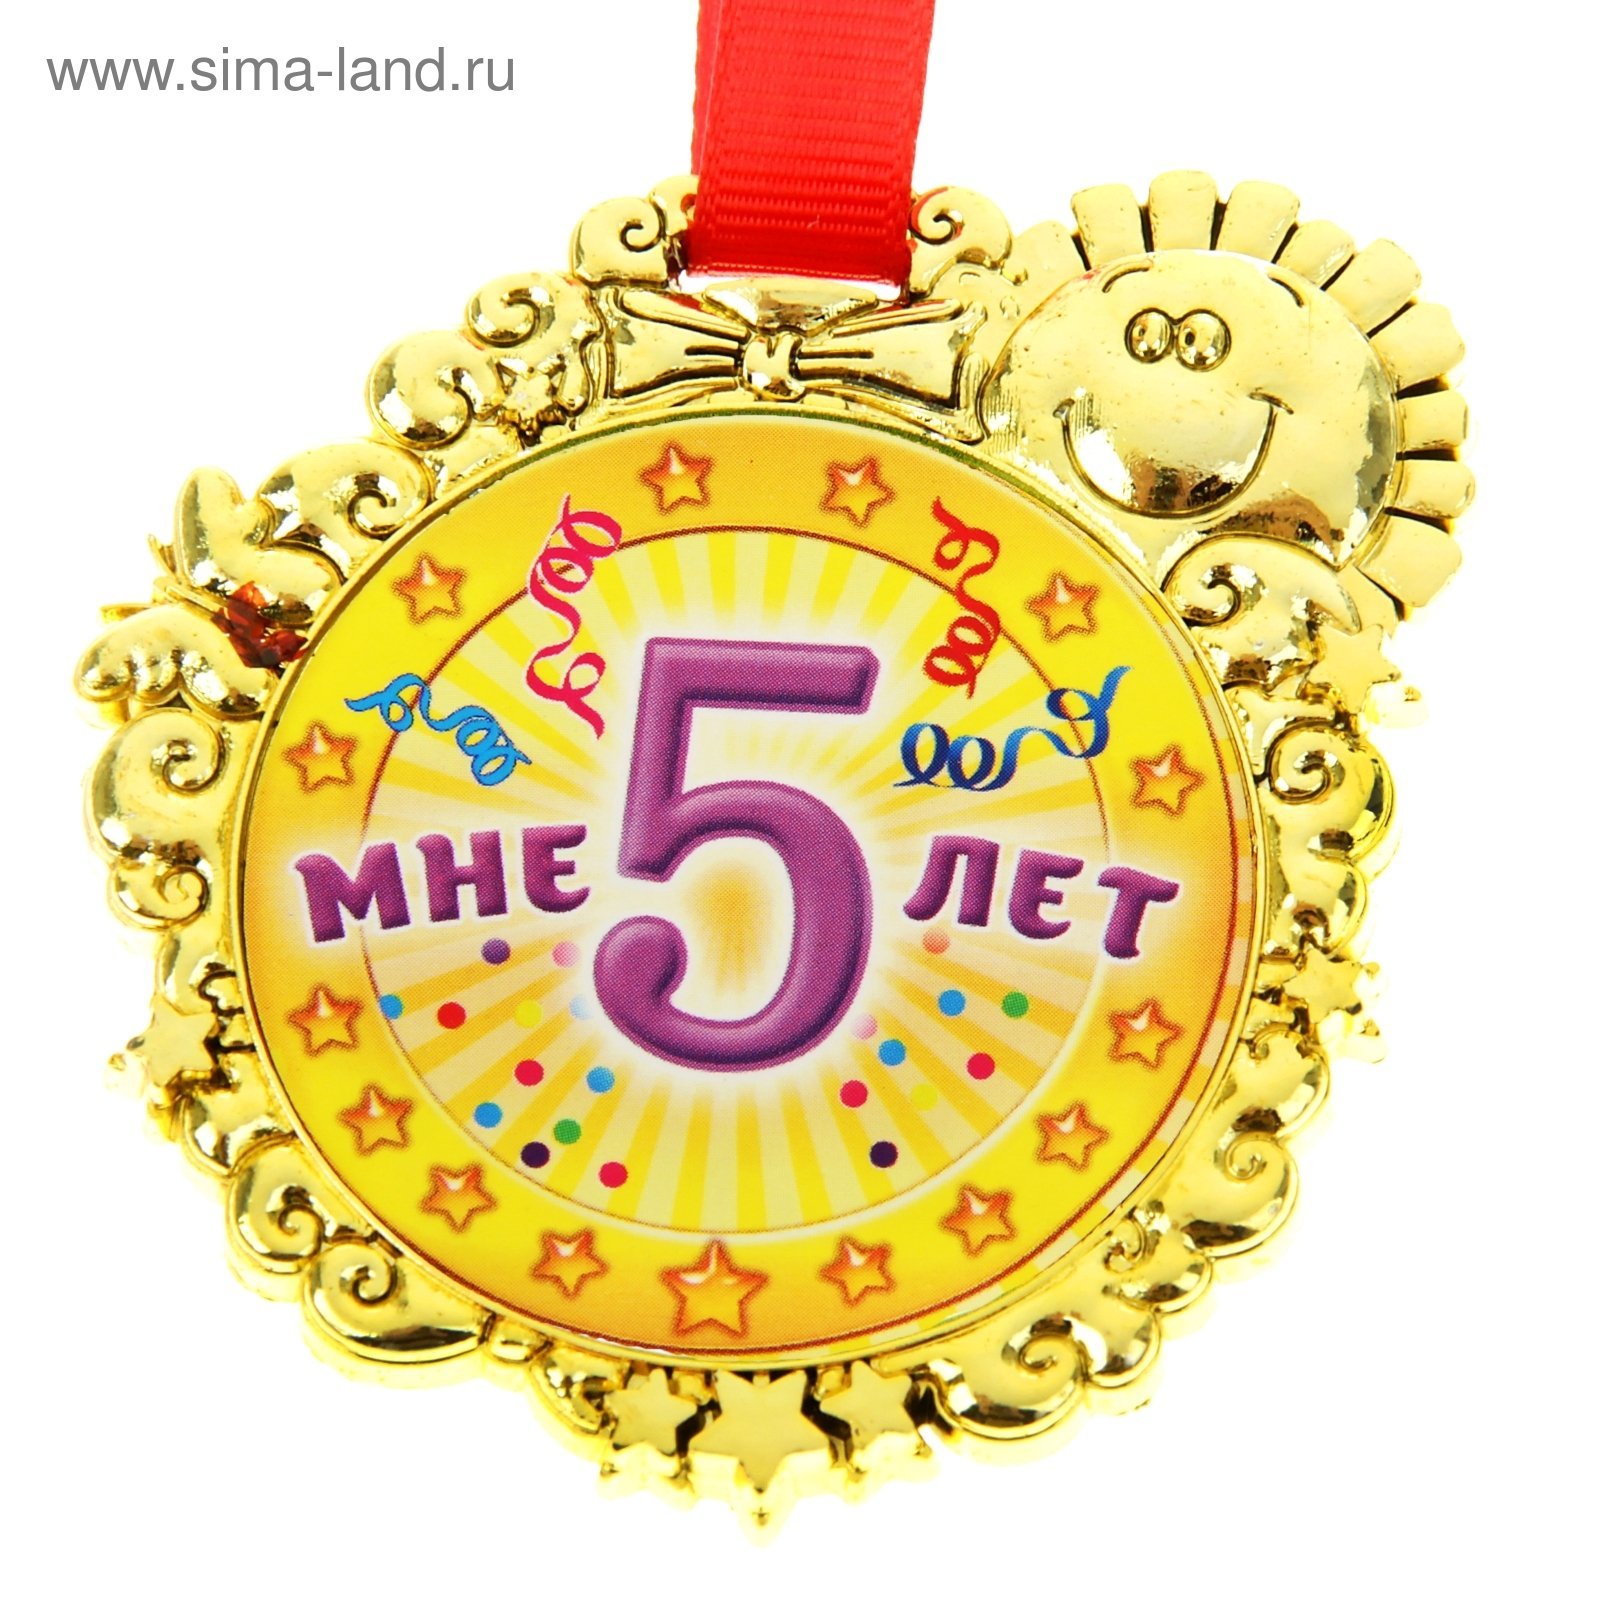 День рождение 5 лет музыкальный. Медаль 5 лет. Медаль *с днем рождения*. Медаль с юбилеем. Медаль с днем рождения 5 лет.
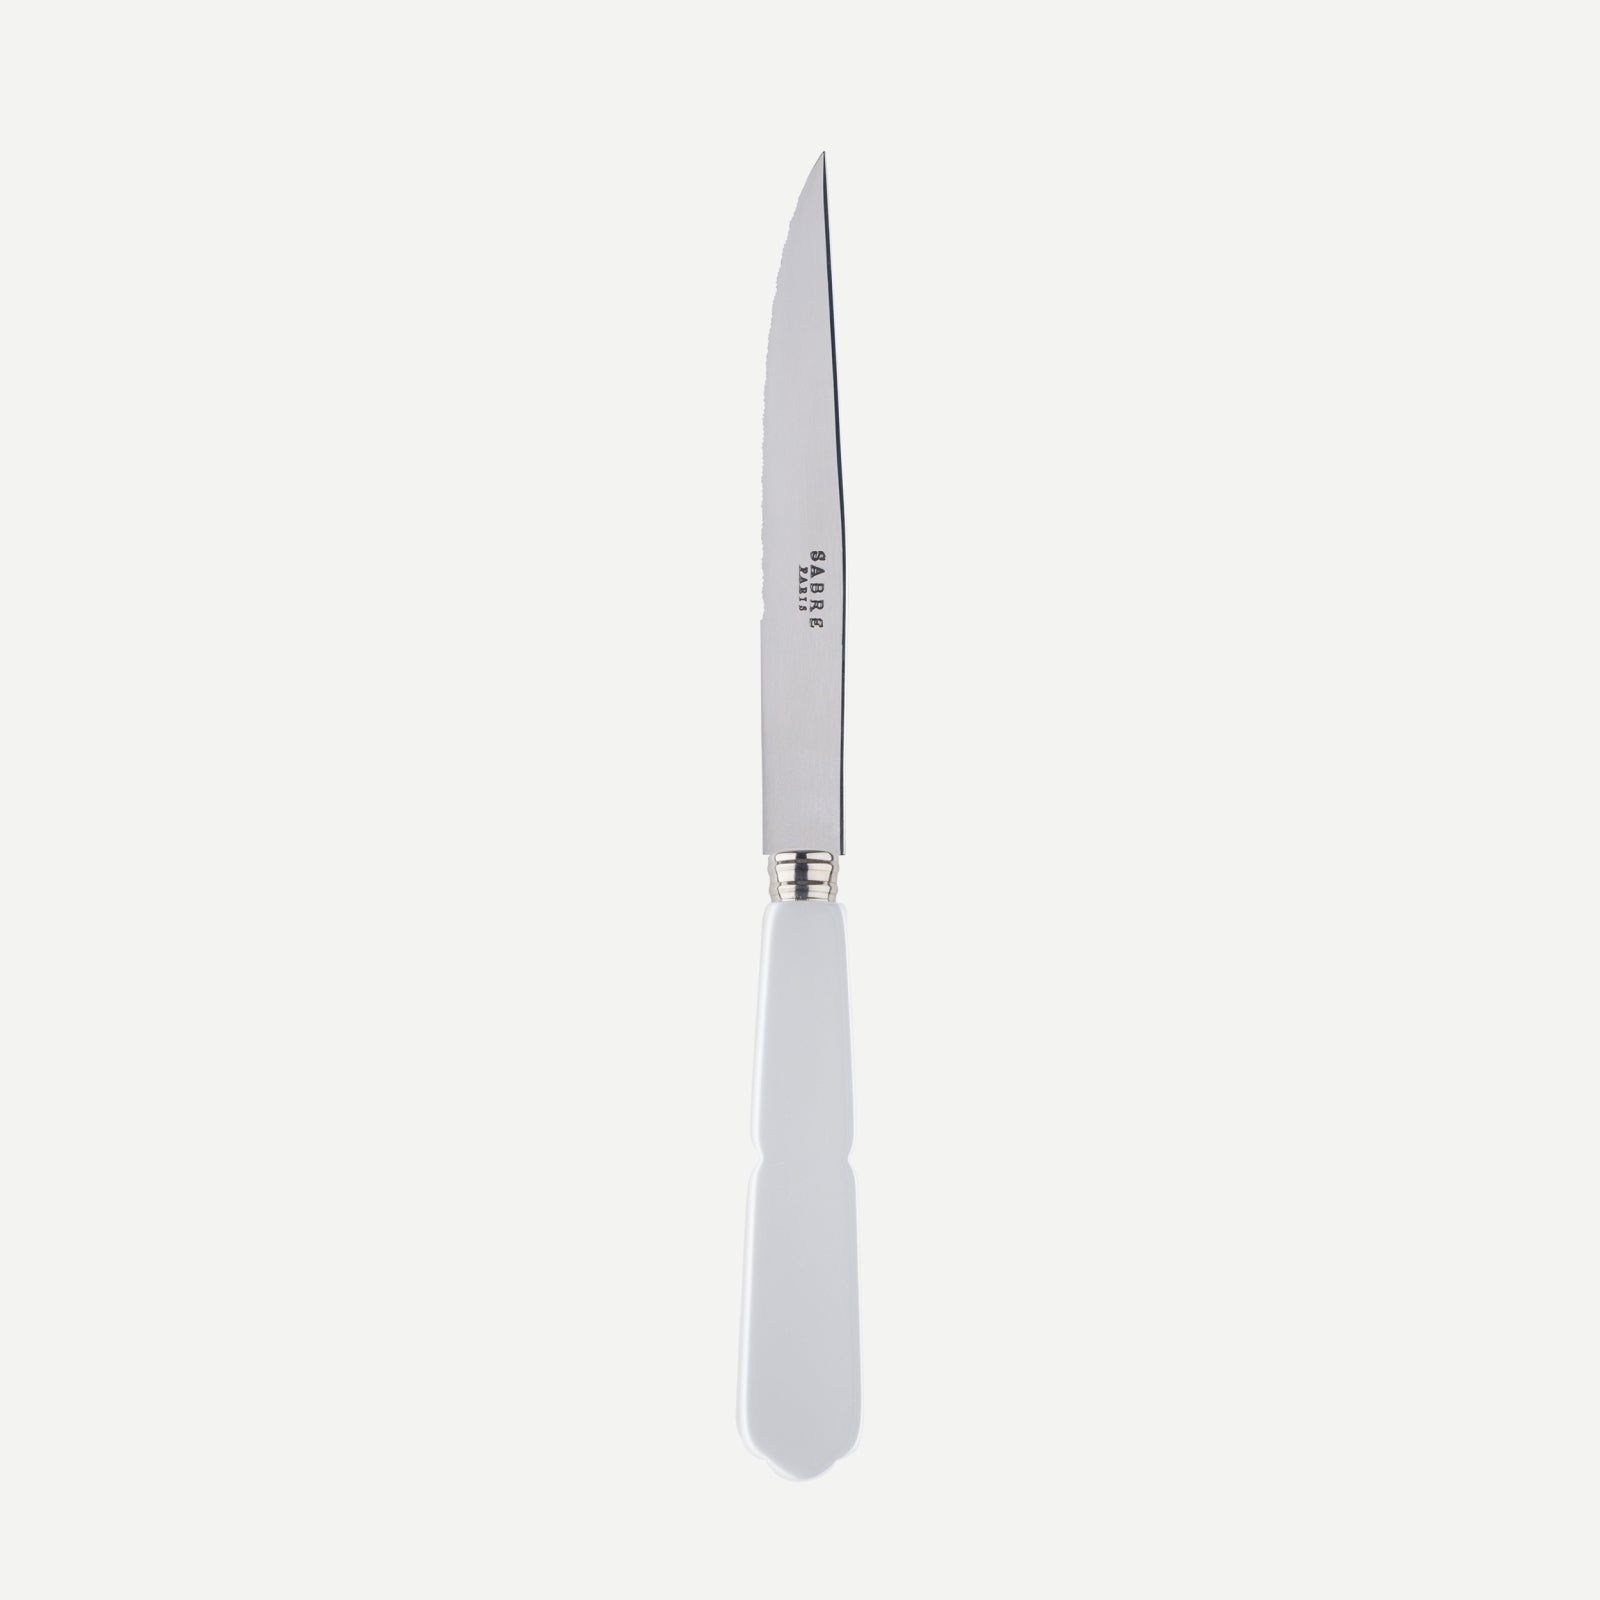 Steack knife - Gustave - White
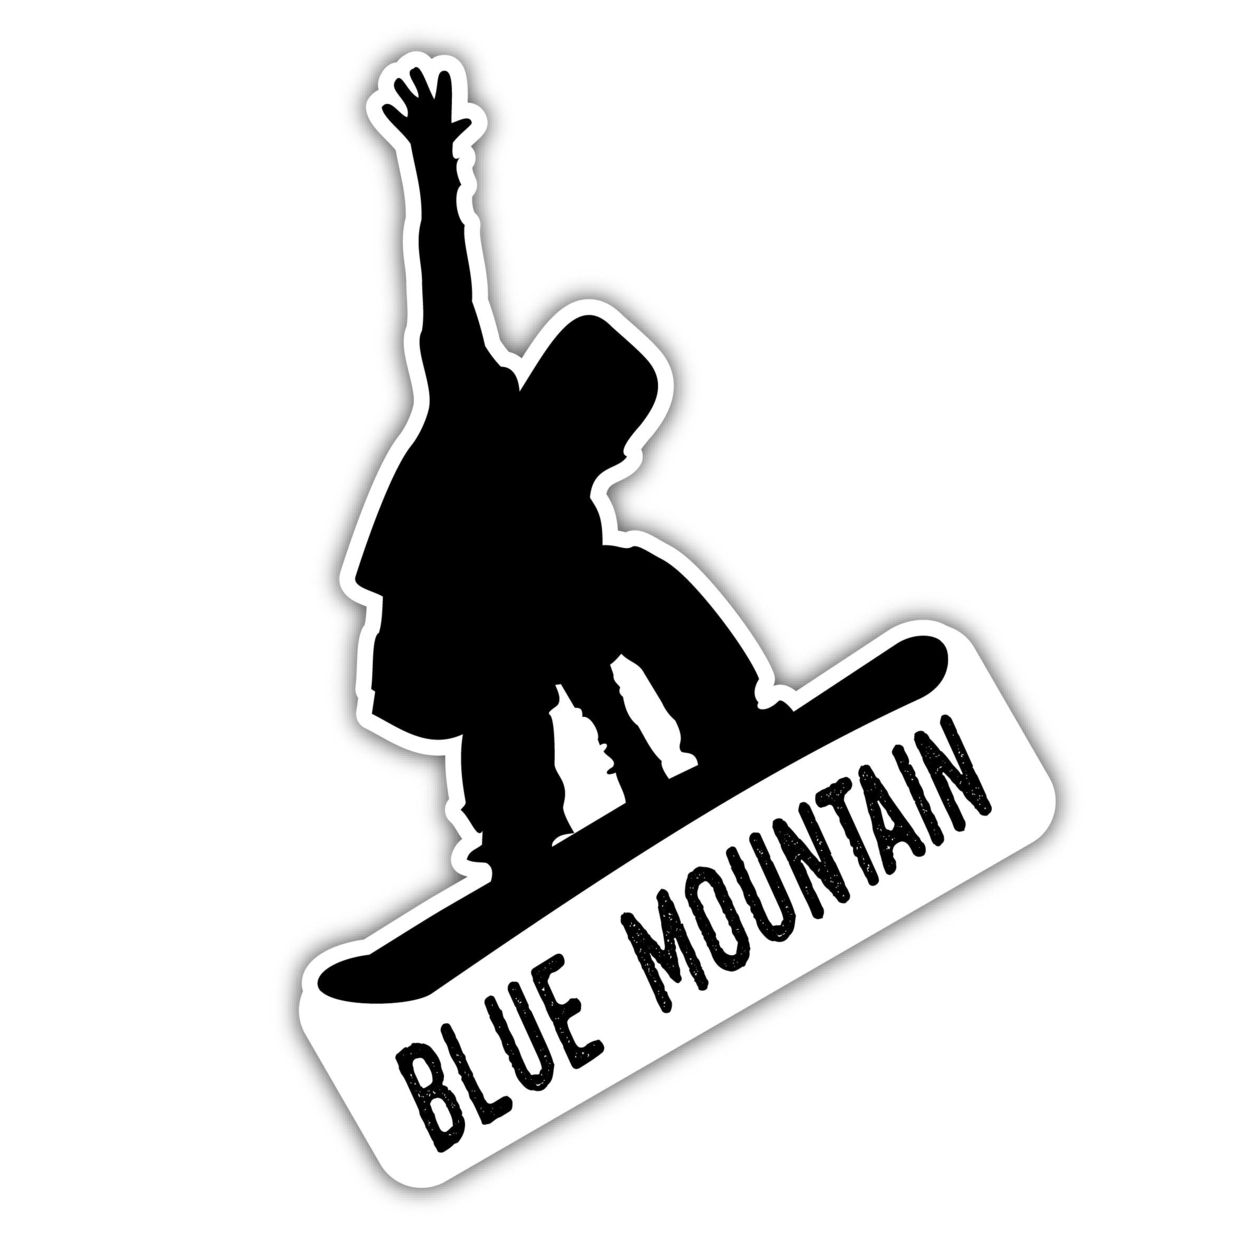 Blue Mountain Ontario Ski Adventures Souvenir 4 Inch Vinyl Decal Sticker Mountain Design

> **Task description**
When you repeat the data, keep every line exact and drop the images.

> **Solution to this problem**
 День рождение 5 лет музыкальный. Медаль 5 лет. Медаль *с днем рождения*. Медаль с юбилеем. Медаль с днем рождения 5 лет.
 Steack knife - Gustave - White
 Blue Mountain Ontario Ski Adventures Souvenir 4 Inch Vinyl Decal Sticker Mountain Design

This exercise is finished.